AVAILABLE DATA >>
..........

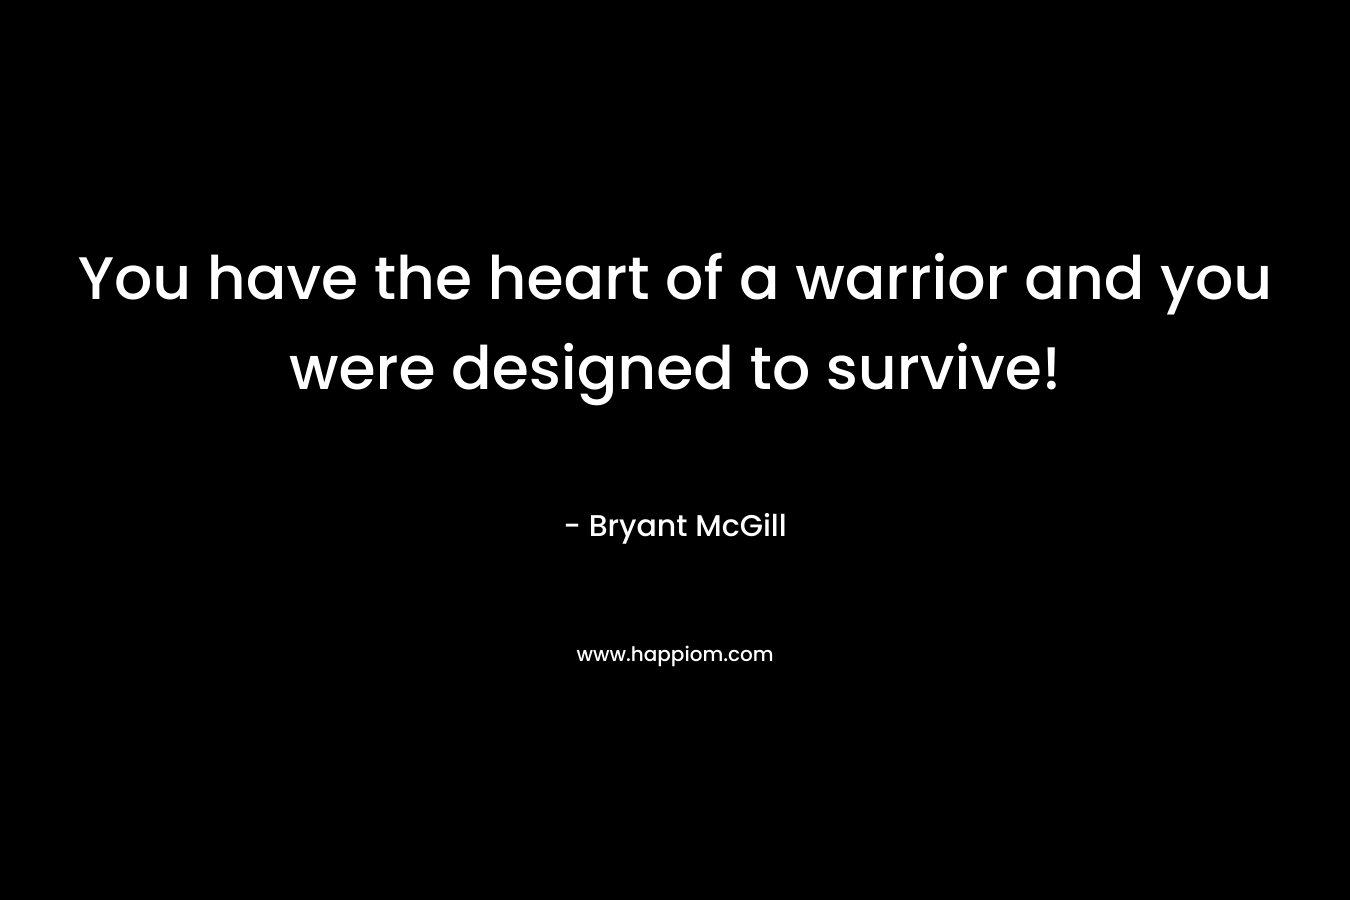 You have the heart of a warrior and you were designed to survive!
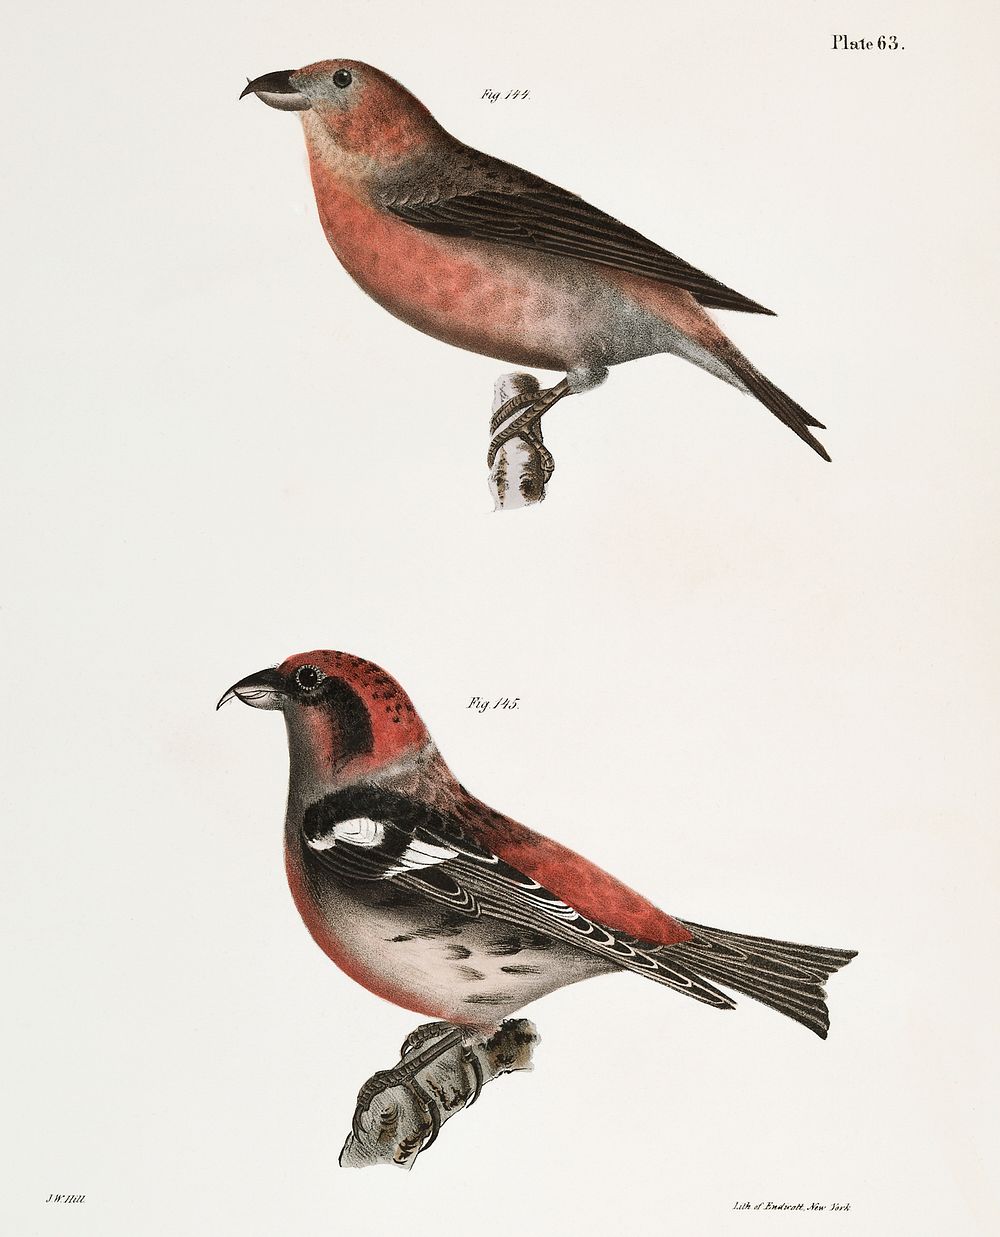 144. The American Crossbill (Loxia americana) 145. The White-winged Crossbill (Loxia leucoptera) illustration from Zoology…
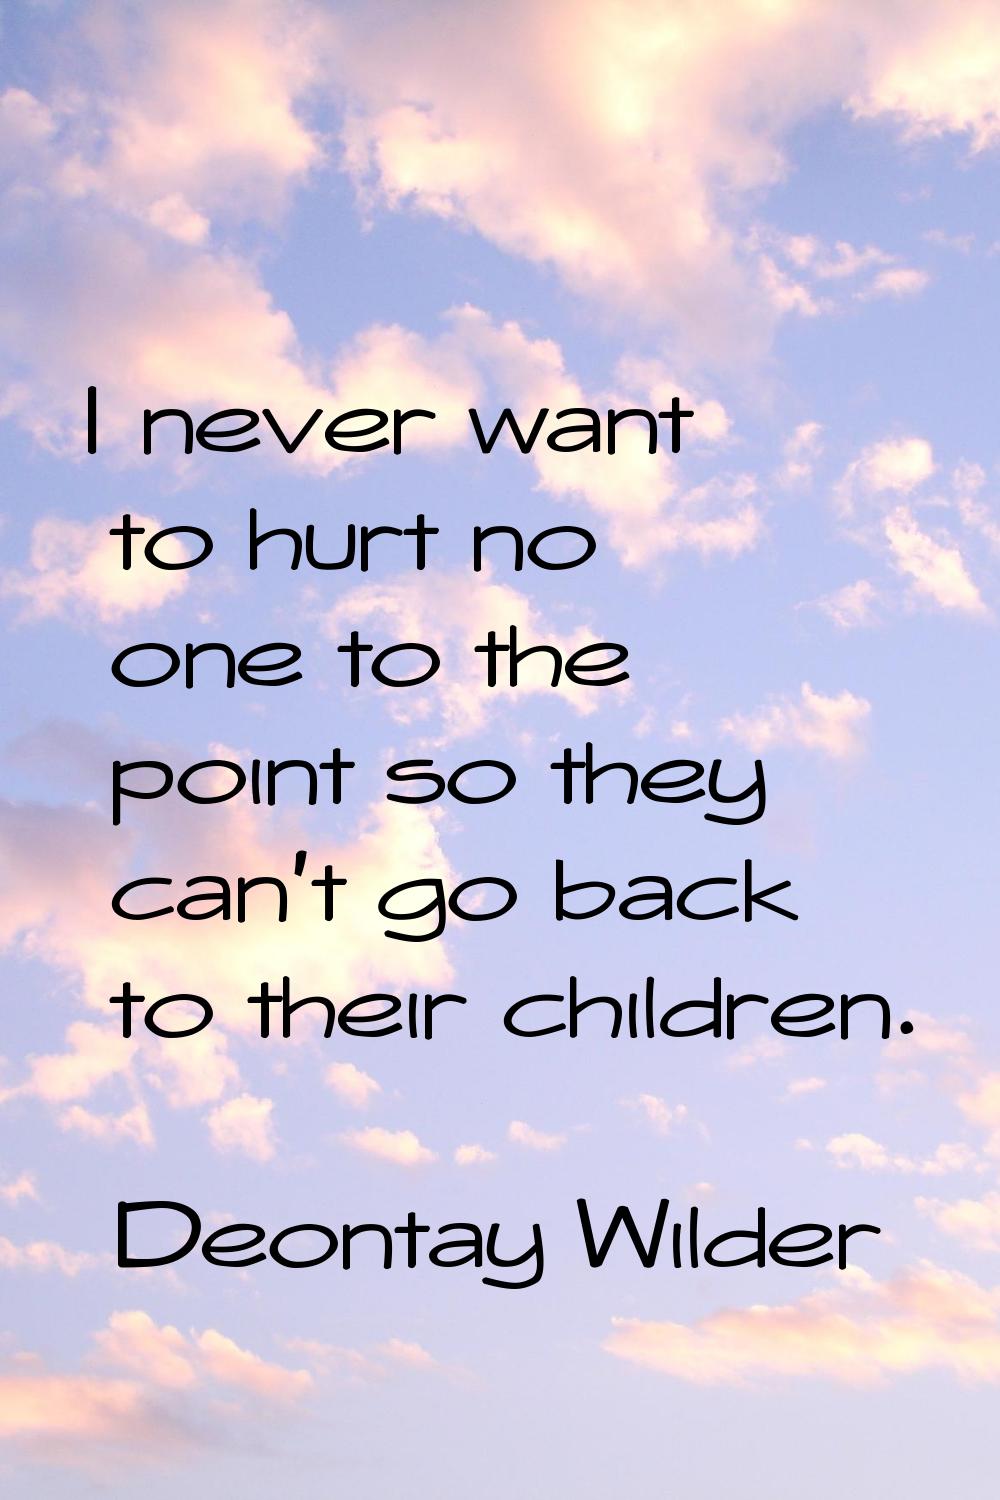 I never want to hurt no one to the point so they can't go back to their children.
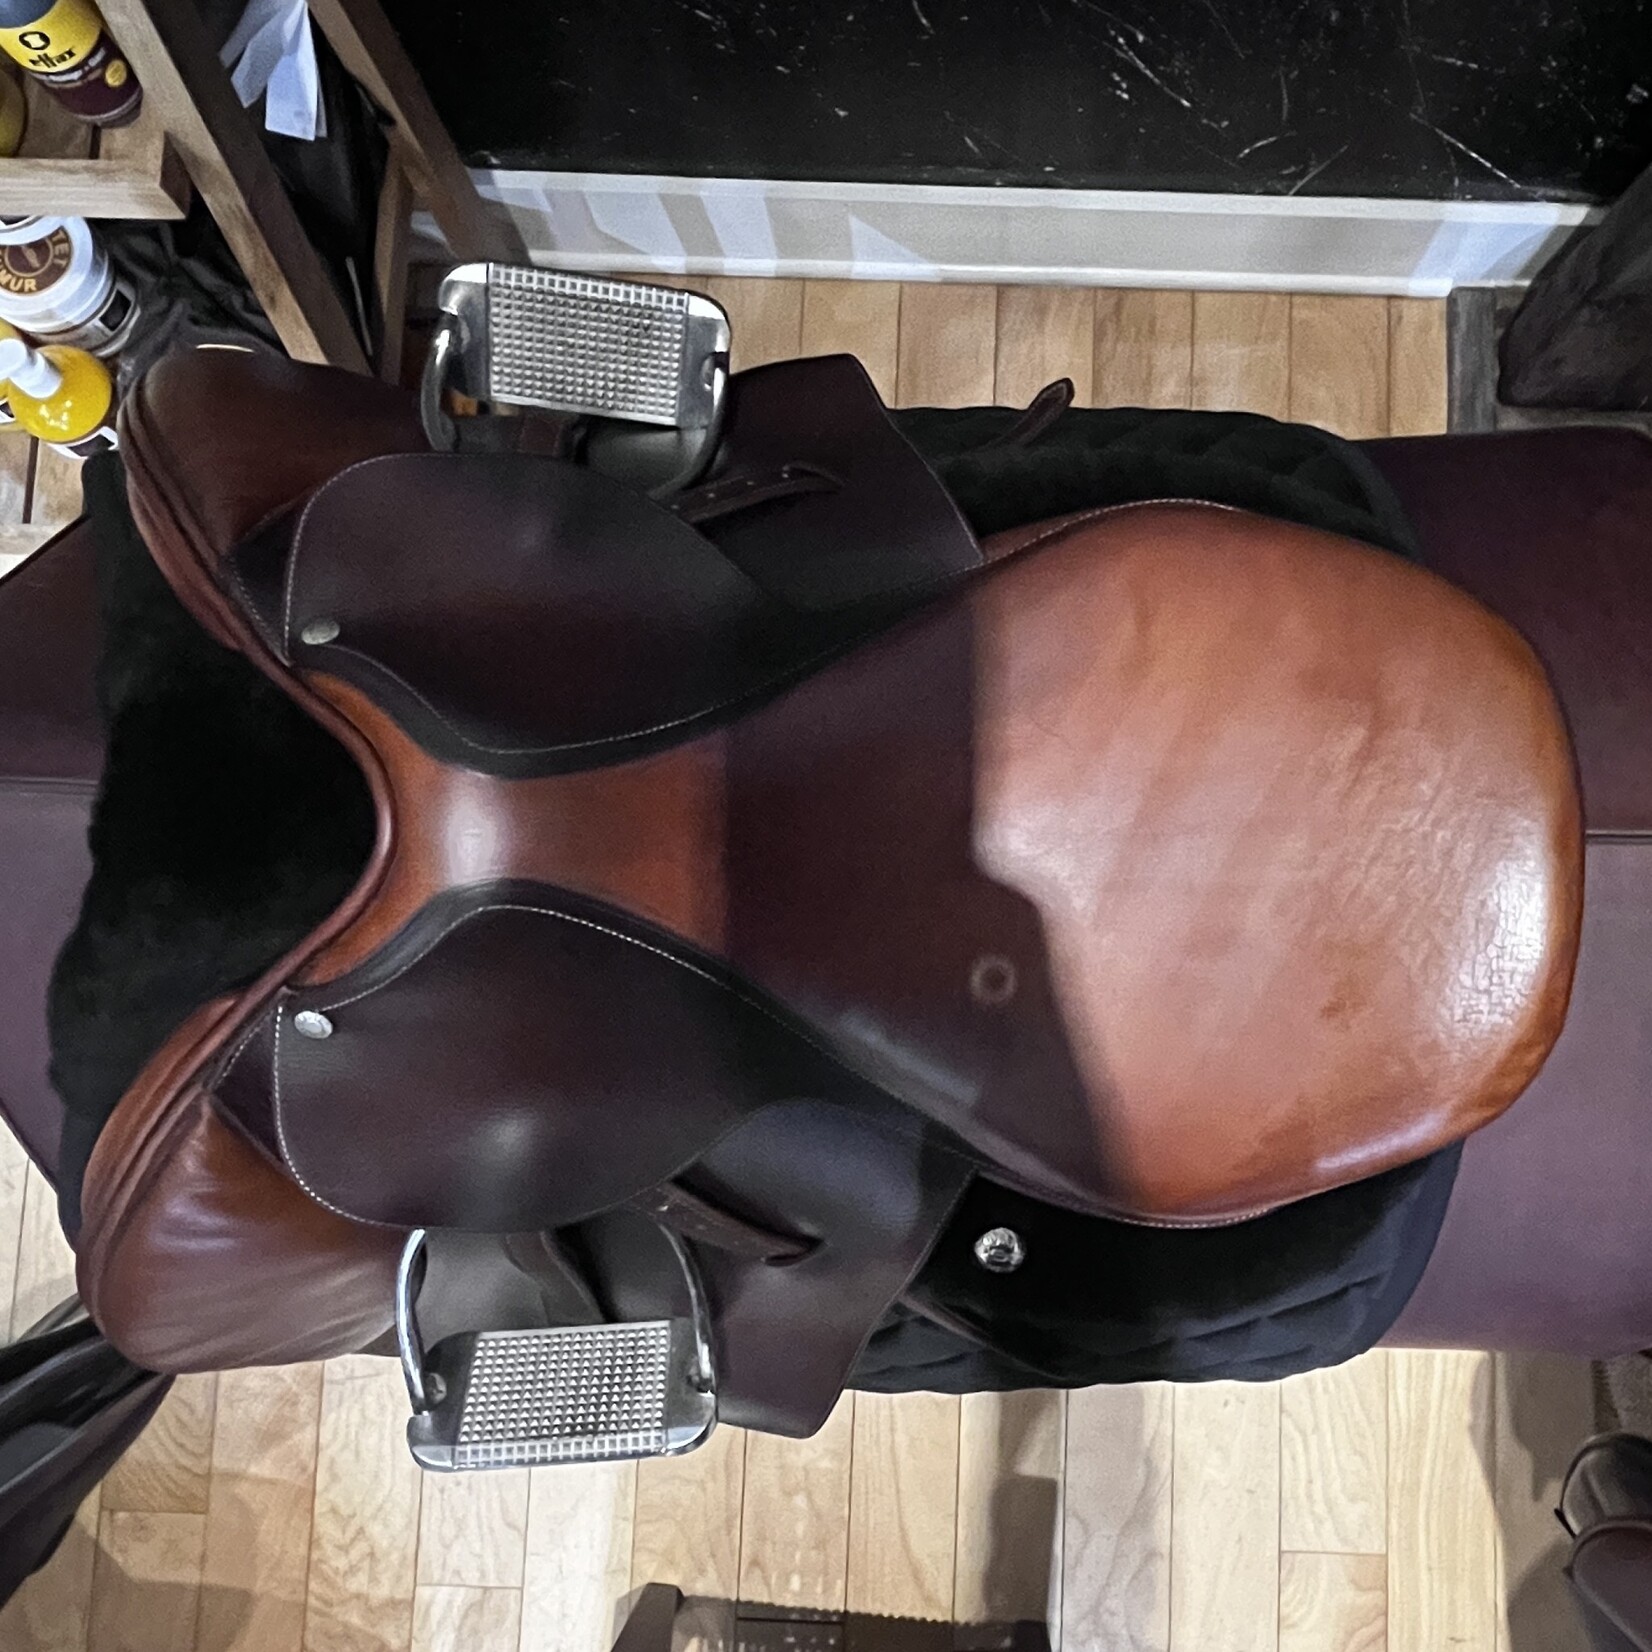 Butet #031 10 Consigned Butet Grained, 17” P Flat seat, 2 flap, standard tree, F panel, Calf seat & pad, includes 52" Butet Stirrup Leathers

..........

WHAT YOU ARE ASKED TO DO >>
Print an exact copy of the lines above, from the one containing "144. The American" through the one containing "I never want", and leave out the pictures.

WRITTEN ANSWER >>
 144. The American Crossbill (Loxia americana) 145. The White-winged Crossbill (Loxia leucoptera) illustration from Zoology…
 I never want to hurt no one to the point so they can't go back to their children.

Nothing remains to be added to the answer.